Re: Re: Re: Performance degradation seen after using one list for hot/cold pages.

* Re: Re: Re: Performance degradation seen after using one list for hot/cold pages.
@ 2009-06-22 11:32 NARAYANAN GOPALAKRISHNAN
  2009-06-22 16:52 ` Mel Gorman
  0 siblings, 1 reply; 15+ messages in thread
From: NARAYANAN GOPALAKRISHNAN @ 2009-06-22 11:32 UTC (permalink / raw)
  To: Mel Gorman; +Cc: KAMEZAWA Hiroyuki, linux-mm, cl, akpm, kosaki.motohiro

Hi,

We are running on VFAT.
We are using iozone performance benchmarking tool (http://www.iozone.org/src/current/iozone3_326.tar) for testing.

The parameters are 
/iozone -A -s10M -e -U /tmp -f /tmp/iozone_file

Our block driver requires requests to be merged to get the best performance.
This was not happening due to non-contiguous pages in all kernels >= 2.6.25.

Regards,

Narayanan 

------- Original Message -------
Sender : Mel Gorman<mel@csn.ul.ie>
Date   : Jun 22, 2009 16:09 (GMT+05:00)
Title  : Re: Re: Performance degradation seen after using one list for	hot/cold pages.

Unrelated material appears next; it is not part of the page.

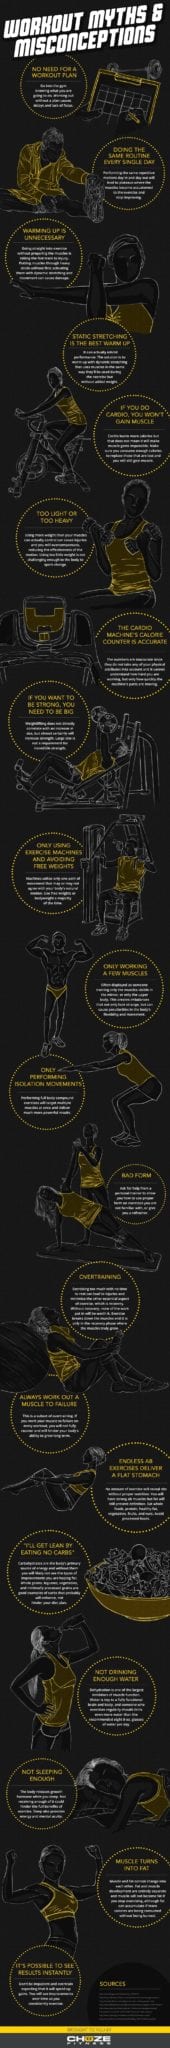 Workout Myths & Misconceptions - an Infographic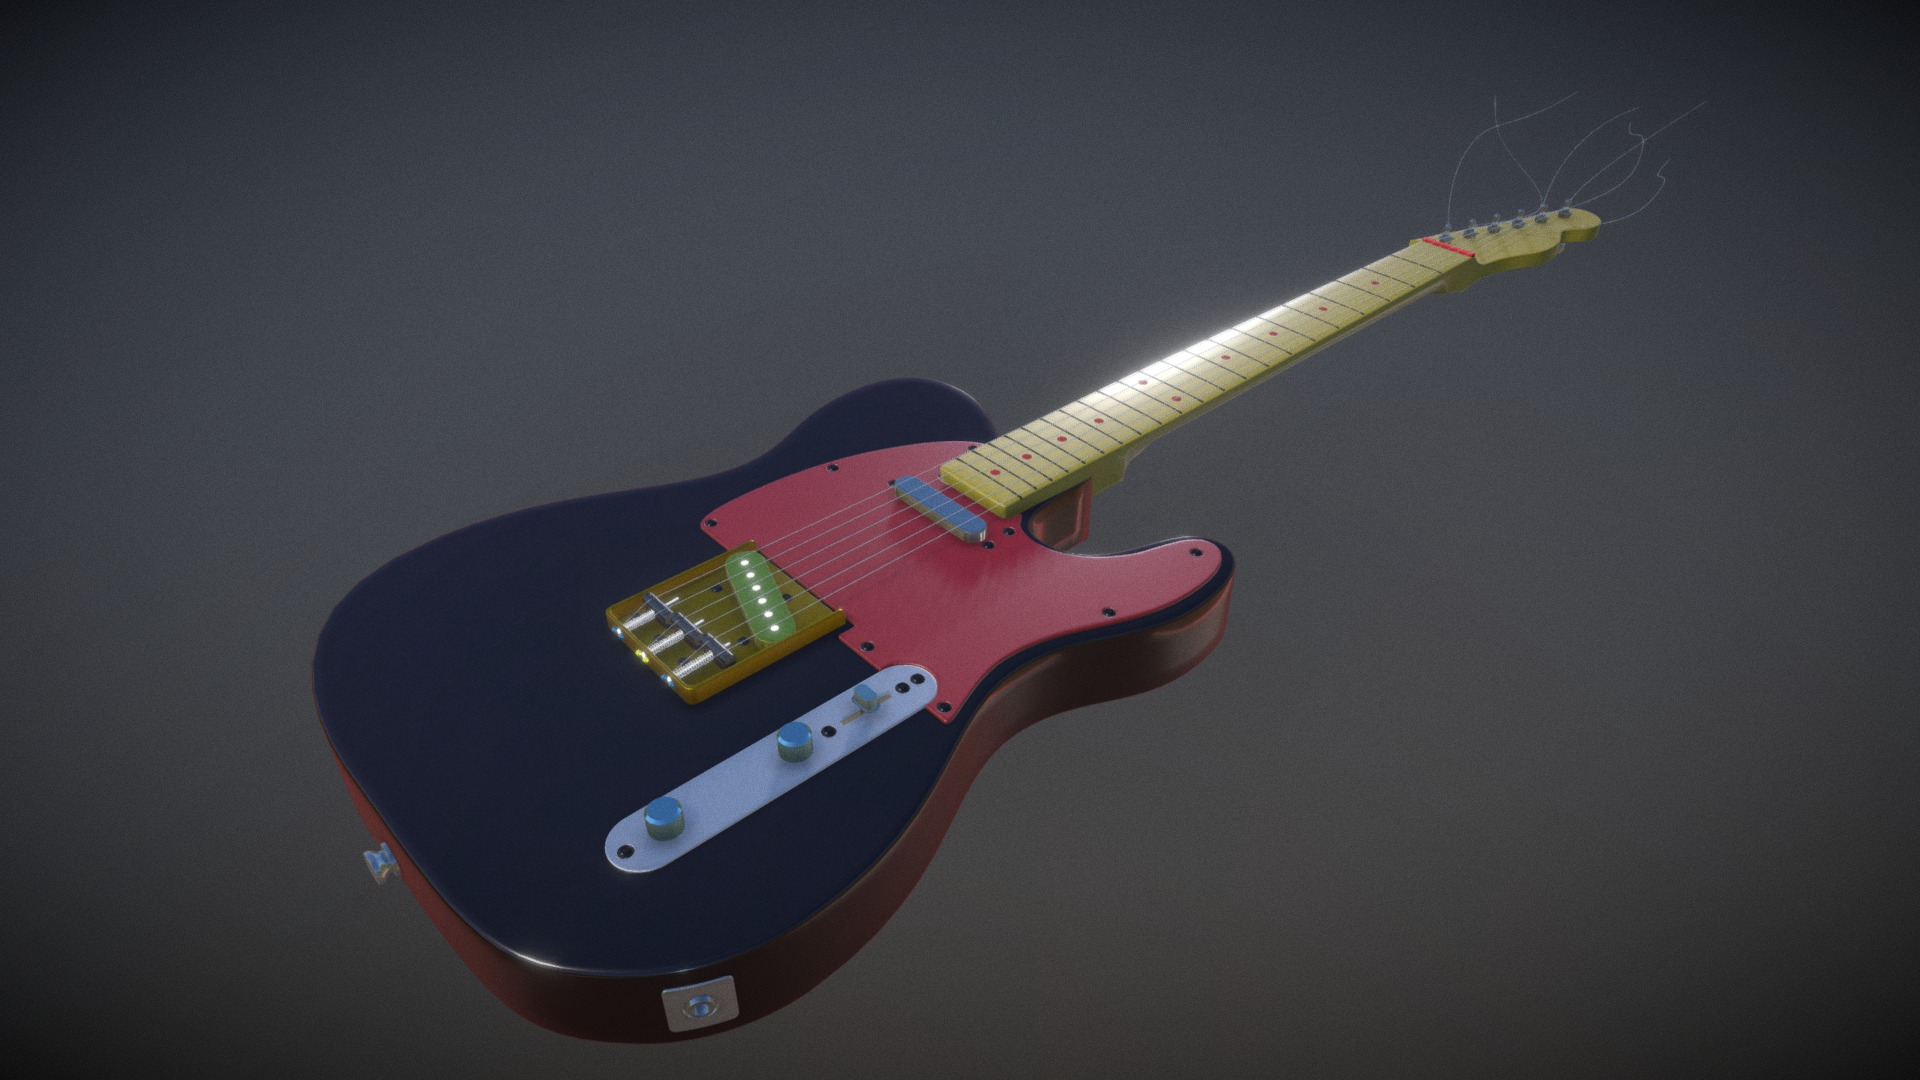 3D model Fender Guitar - This is a 3D model of the Fender Guitar. The 3D model is about a guitar with a blue and red neck.

On Mon, Jun 22, 2009 at 10:42:40AM +0000, NARAYANAN GOPALAKRISHNAN wrote:
> Hi,
>  
> We had also tried this patch and it fixes the issue. The read/write performance is regained.
> The patch looks OK.
> 
> Can this be merged? 
> 

Not just yet. Is there any chance you could provide a simple test program
using AIO read and tell me what filesystem you are based on please? I&#39;d
like to at least look at identifying when the readahead is happening due to
aio_read() and using page_cache_alloc() instead of page_cache_alloc_cold()
in that case. It would avoid adding a branch to the page allocator itself.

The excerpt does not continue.